### Task prompt
The part below that opens with the line containing "Beautiful Holtkoetter Desk" and closes with the line containing "Top quality from Germany .signed . 1970s" should be copied exactly, minus any pictures.
Data supplied below:
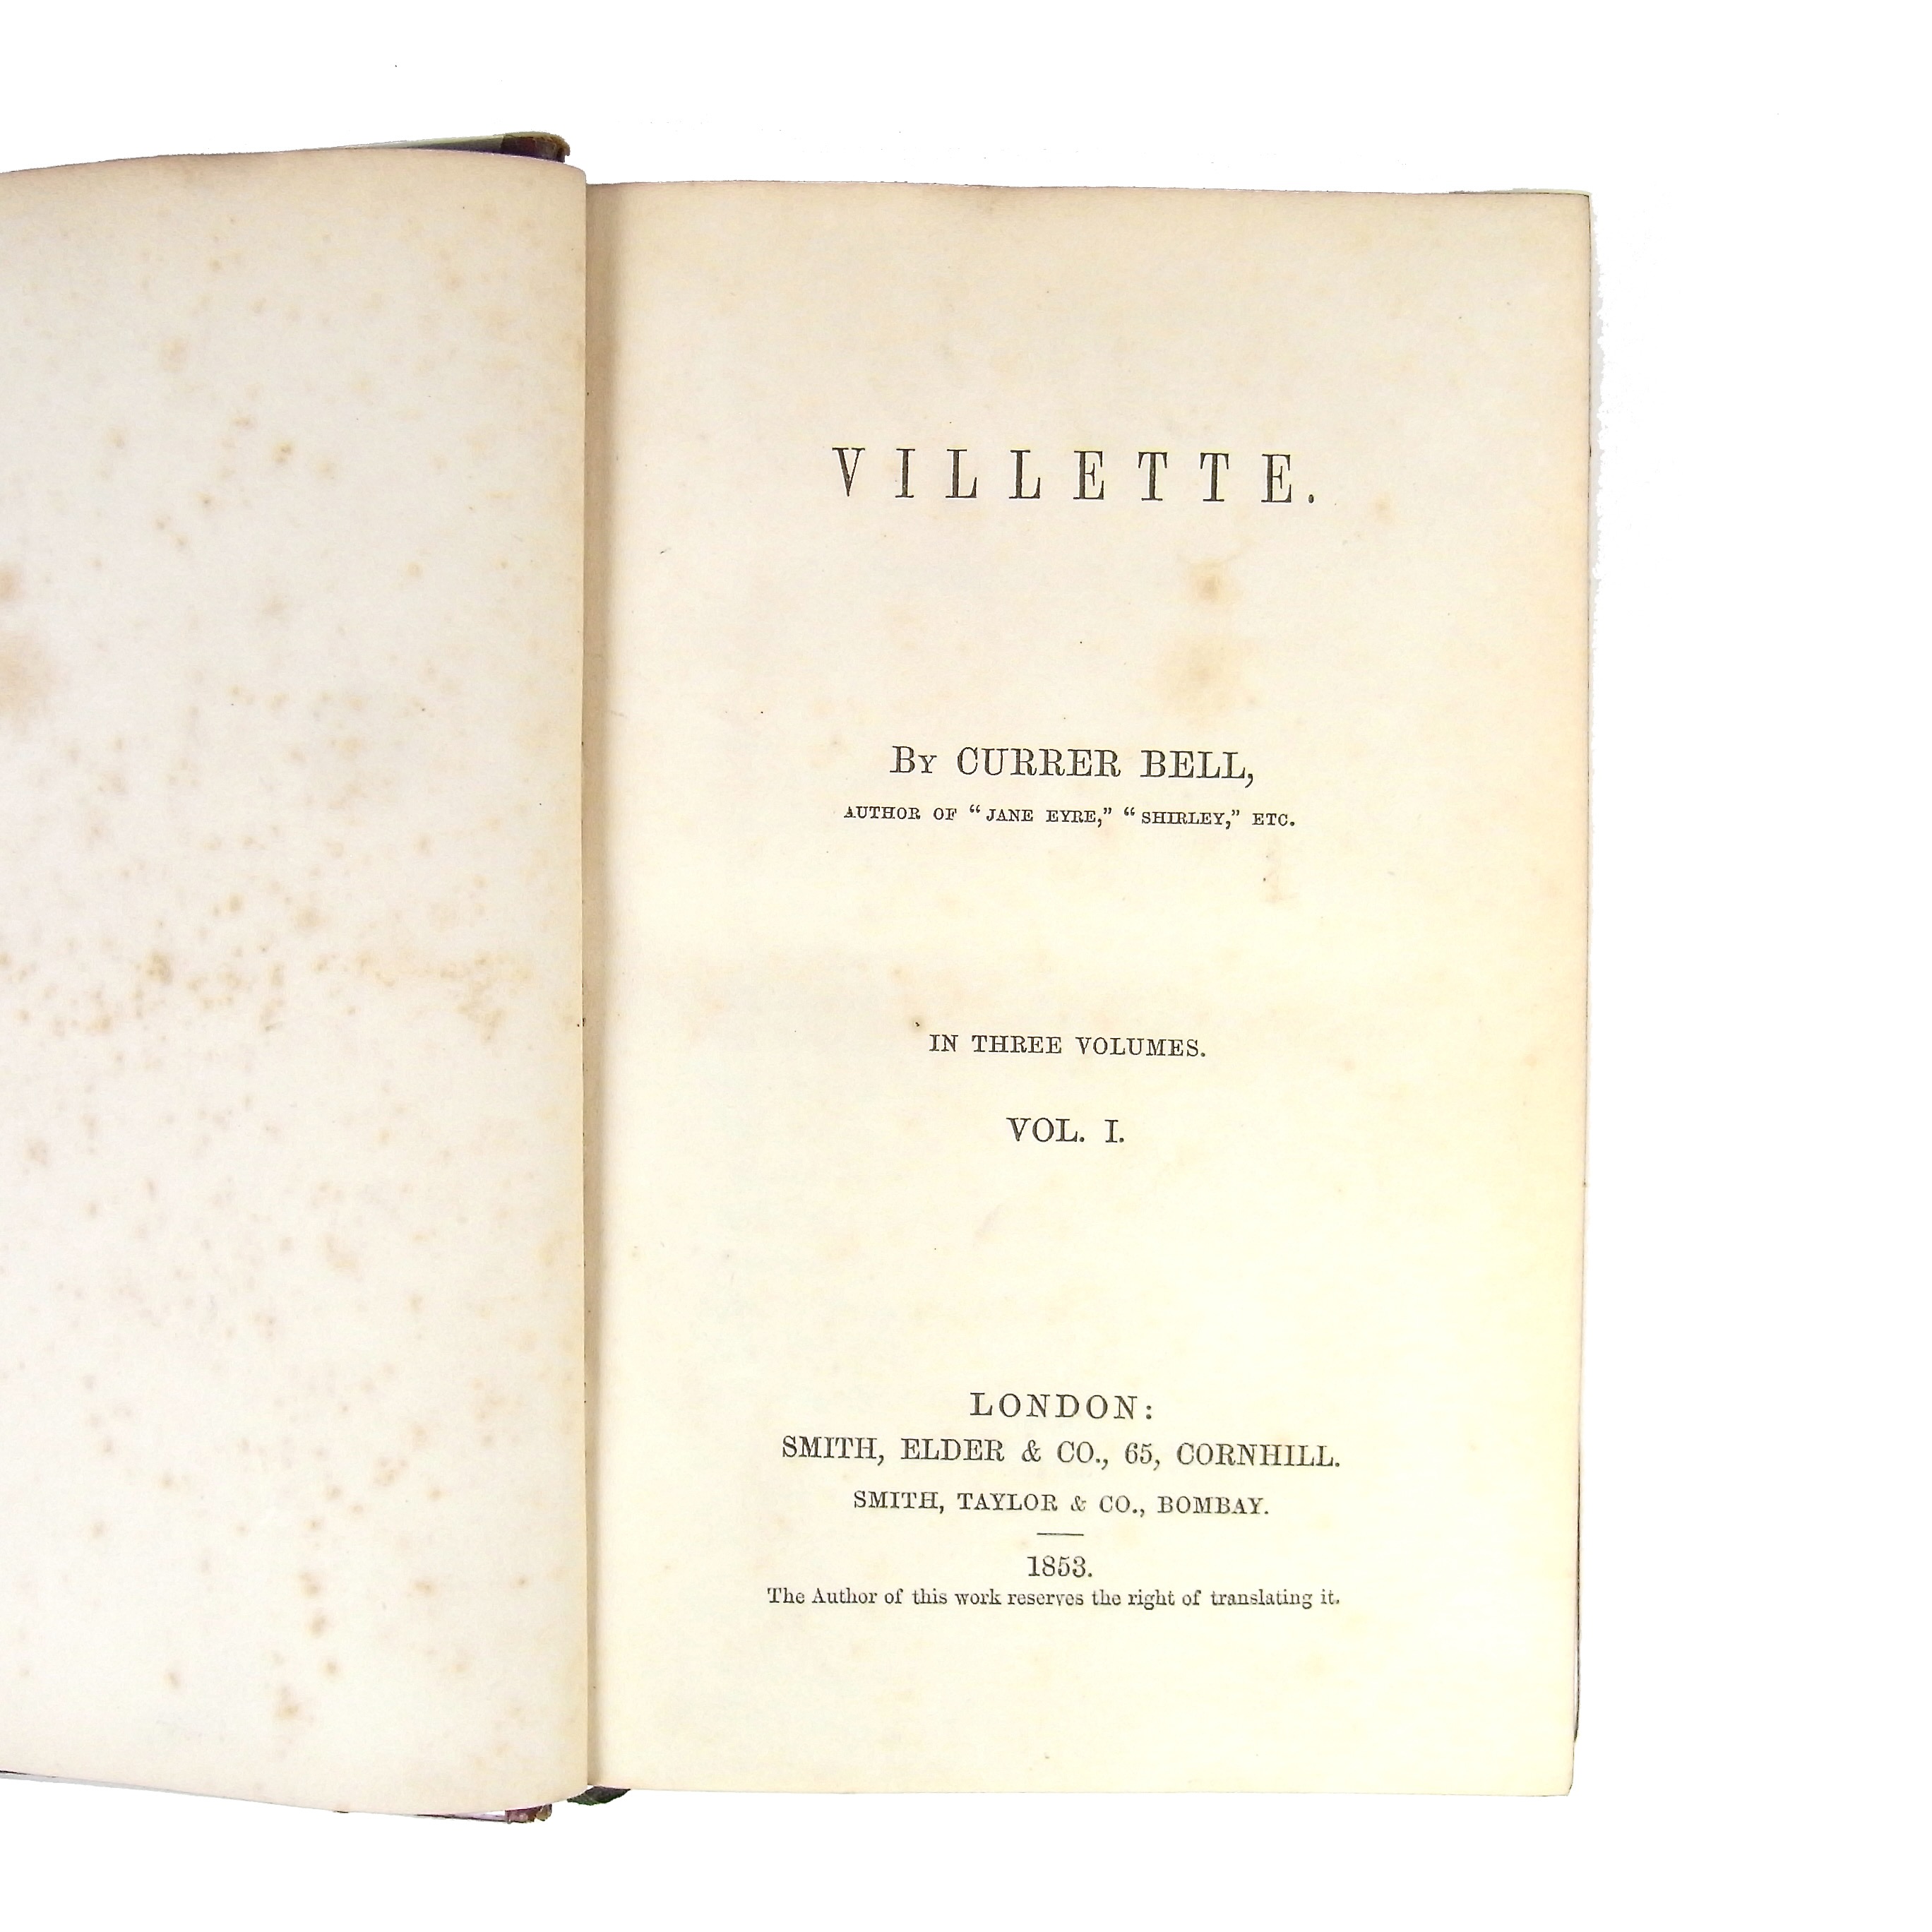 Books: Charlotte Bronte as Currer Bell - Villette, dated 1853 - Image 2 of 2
End of Data supplied.
Data supplied below:
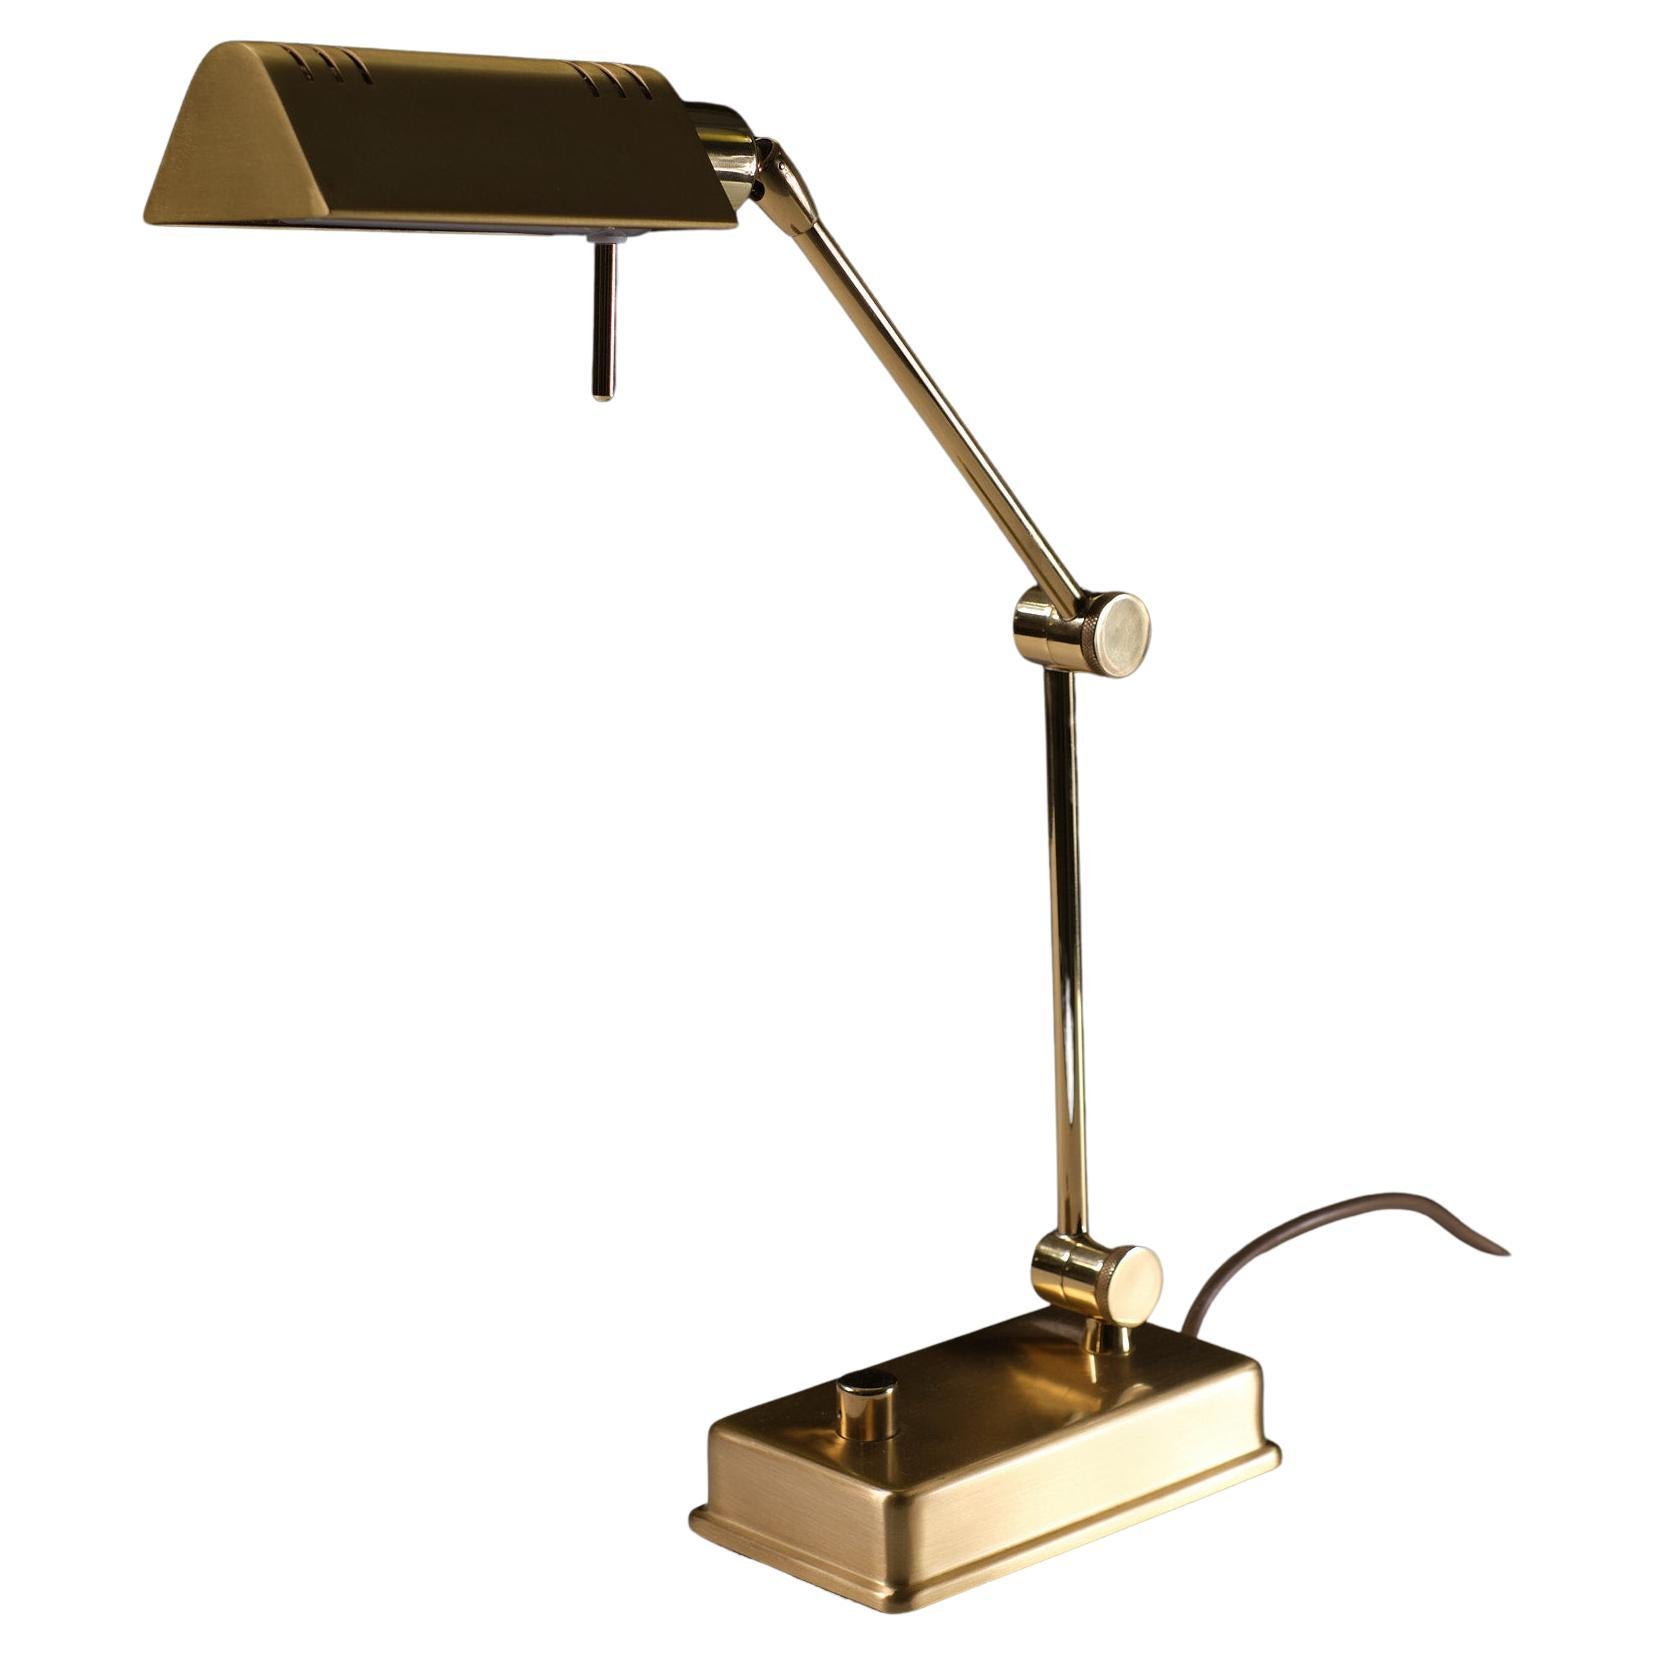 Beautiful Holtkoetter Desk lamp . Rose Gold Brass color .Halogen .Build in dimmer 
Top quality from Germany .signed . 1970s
End of Data supplied.
### Response to this task
 Beautiful Holtkoetter Desk lamp . Rose Gold Brass color .Halogen .Build in dimmer 
Top quality from Germany .signed . 1970s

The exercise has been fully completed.